*Problem statement*.
Each line below from the one containing "Screenshot_20210806_234709_com.huawei.android.launcher.jpg" through the one containing "2020-11-29-교정베이직-웹용.jpg" is to be given again exactly, and no line outside that span.

*Available data*.

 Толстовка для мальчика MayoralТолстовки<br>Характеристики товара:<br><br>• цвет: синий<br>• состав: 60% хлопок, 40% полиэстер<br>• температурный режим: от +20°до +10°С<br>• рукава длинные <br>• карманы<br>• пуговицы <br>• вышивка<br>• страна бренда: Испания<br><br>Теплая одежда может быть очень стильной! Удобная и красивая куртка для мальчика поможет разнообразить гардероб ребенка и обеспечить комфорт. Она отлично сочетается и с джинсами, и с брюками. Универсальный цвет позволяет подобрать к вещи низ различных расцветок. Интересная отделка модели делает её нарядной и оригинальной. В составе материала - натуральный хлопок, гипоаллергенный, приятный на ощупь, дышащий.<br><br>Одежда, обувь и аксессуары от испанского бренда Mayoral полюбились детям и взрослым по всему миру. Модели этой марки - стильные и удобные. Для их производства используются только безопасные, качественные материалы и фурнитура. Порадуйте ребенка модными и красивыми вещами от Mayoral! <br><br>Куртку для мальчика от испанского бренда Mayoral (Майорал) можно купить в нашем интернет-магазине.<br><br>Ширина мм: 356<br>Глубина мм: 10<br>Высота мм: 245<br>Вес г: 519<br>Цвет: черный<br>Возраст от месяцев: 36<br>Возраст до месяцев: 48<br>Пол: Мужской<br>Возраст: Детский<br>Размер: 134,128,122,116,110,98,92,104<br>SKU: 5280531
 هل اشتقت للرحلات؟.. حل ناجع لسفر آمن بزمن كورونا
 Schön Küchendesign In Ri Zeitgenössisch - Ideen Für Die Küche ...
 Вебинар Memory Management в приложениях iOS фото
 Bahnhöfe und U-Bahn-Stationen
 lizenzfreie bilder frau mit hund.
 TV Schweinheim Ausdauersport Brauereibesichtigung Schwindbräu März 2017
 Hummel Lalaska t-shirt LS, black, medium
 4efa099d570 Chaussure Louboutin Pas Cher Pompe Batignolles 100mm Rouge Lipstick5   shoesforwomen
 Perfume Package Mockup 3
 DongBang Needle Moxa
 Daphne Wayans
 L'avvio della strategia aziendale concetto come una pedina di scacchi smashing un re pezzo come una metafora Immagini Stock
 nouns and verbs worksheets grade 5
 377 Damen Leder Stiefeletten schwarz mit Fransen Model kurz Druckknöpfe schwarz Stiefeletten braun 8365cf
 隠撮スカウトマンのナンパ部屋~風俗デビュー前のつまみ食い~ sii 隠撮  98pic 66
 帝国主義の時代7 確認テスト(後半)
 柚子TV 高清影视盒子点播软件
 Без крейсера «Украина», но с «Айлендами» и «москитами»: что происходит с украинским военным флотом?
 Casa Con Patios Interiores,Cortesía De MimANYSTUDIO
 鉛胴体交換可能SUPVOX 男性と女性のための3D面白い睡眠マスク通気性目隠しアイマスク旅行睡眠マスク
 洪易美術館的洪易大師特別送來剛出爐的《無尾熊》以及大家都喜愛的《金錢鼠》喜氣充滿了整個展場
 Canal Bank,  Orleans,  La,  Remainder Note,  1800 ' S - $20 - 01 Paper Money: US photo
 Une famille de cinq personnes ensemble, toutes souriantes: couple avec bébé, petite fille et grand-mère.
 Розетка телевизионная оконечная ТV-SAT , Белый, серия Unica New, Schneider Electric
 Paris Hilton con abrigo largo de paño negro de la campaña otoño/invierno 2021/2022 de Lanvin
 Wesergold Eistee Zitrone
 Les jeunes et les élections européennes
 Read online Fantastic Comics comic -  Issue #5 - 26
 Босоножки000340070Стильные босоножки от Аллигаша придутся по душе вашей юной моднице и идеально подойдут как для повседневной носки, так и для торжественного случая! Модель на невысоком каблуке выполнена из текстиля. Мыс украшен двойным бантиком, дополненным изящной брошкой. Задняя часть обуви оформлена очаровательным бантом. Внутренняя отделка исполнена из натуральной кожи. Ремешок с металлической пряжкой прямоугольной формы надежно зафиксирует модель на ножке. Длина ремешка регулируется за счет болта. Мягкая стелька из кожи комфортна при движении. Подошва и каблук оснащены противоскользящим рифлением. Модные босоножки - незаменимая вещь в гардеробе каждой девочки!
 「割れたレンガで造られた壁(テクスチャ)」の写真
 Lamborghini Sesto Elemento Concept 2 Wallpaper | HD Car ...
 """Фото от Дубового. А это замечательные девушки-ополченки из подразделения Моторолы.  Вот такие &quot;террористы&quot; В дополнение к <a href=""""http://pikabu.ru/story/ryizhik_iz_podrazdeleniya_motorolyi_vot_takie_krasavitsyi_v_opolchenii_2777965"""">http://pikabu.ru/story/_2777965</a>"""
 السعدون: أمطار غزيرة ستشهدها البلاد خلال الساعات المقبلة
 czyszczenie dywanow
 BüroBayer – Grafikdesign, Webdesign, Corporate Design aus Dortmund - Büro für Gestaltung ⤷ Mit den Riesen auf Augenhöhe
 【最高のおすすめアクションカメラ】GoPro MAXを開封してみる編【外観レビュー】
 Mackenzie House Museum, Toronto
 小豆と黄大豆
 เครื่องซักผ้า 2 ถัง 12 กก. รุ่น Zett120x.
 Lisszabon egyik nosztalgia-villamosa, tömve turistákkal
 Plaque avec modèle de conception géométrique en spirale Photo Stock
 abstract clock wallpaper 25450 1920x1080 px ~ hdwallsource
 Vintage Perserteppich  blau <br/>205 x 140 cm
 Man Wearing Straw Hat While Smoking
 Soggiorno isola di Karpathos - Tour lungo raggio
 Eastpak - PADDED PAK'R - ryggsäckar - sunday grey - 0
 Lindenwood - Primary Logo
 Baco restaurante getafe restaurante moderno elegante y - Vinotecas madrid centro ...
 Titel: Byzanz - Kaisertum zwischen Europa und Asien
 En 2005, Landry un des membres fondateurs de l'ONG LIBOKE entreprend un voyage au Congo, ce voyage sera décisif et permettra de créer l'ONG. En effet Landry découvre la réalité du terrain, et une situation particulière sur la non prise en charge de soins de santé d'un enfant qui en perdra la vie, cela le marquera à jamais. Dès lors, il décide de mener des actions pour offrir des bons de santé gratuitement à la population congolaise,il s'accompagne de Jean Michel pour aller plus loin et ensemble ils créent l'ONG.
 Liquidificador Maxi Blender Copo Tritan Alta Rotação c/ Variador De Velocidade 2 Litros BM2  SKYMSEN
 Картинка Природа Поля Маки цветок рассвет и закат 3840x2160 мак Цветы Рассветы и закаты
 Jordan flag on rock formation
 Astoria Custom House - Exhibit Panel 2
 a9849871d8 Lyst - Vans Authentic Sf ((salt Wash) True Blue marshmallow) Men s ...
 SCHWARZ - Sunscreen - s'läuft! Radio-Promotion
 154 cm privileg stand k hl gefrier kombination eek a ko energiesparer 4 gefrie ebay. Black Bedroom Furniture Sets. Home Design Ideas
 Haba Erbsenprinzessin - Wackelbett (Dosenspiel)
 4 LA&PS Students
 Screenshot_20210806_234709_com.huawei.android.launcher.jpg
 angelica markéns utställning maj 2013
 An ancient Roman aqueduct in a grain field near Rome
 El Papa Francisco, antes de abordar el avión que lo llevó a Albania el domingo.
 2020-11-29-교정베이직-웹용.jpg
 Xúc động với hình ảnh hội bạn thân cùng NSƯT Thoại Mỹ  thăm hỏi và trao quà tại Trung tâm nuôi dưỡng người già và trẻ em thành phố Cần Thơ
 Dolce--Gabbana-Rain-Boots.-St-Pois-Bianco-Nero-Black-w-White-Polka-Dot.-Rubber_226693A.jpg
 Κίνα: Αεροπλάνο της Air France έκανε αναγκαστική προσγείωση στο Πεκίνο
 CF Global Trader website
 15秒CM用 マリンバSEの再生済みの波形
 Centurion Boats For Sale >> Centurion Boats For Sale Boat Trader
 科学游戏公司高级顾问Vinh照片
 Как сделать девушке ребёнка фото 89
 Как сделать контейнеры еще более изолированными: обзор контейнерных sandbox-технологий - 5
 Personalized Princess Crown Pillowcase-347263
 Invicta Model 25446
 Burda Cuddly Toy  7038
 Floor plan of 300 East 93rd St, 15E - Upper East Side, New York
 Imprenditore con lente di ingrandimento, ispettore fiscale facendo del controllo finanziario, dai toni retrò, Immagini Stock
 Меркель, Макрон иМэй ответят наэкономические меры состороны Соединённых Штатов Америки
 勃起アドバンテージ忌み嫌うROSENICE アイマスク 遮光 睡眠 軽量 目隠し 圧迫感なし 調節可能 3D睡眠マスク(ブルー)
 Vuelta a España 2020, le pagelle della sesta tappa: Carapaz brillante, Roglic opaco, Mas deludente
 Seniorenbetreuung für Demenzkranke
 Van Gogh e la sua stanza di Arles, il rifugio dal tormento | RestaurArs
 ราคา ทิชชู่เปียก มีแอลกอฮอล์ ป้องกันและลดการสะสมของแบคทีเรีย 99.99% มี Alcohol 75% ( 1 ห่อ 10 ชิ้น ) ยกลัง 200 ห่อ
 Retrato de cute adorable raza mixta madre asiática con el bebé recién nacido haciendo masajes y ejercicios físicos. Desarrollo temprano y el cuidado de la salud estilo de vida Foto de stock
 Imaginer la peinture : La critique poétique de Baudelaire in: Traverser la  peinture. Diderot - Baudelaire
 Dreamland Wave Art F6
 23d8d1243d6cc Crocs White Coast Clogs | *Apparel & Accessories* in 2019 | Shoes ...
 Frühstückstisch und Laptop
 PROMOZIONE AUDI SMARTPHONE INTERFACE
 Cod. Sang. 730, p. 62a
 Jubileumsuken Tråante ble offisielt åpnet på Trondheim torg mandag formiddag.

*Answer below*.
 Screenshot_20210806_234709_com.huawei.android.launcher.jpg
 angelica markéns utställning maj 2013
 An ancient Roman aqueduct in a grain field near Rome
 El Papa Francisco, antes de abordar el avión que lo llevó a Albania el domingo.
 2020-11-29-교정베이직-웹용.jpg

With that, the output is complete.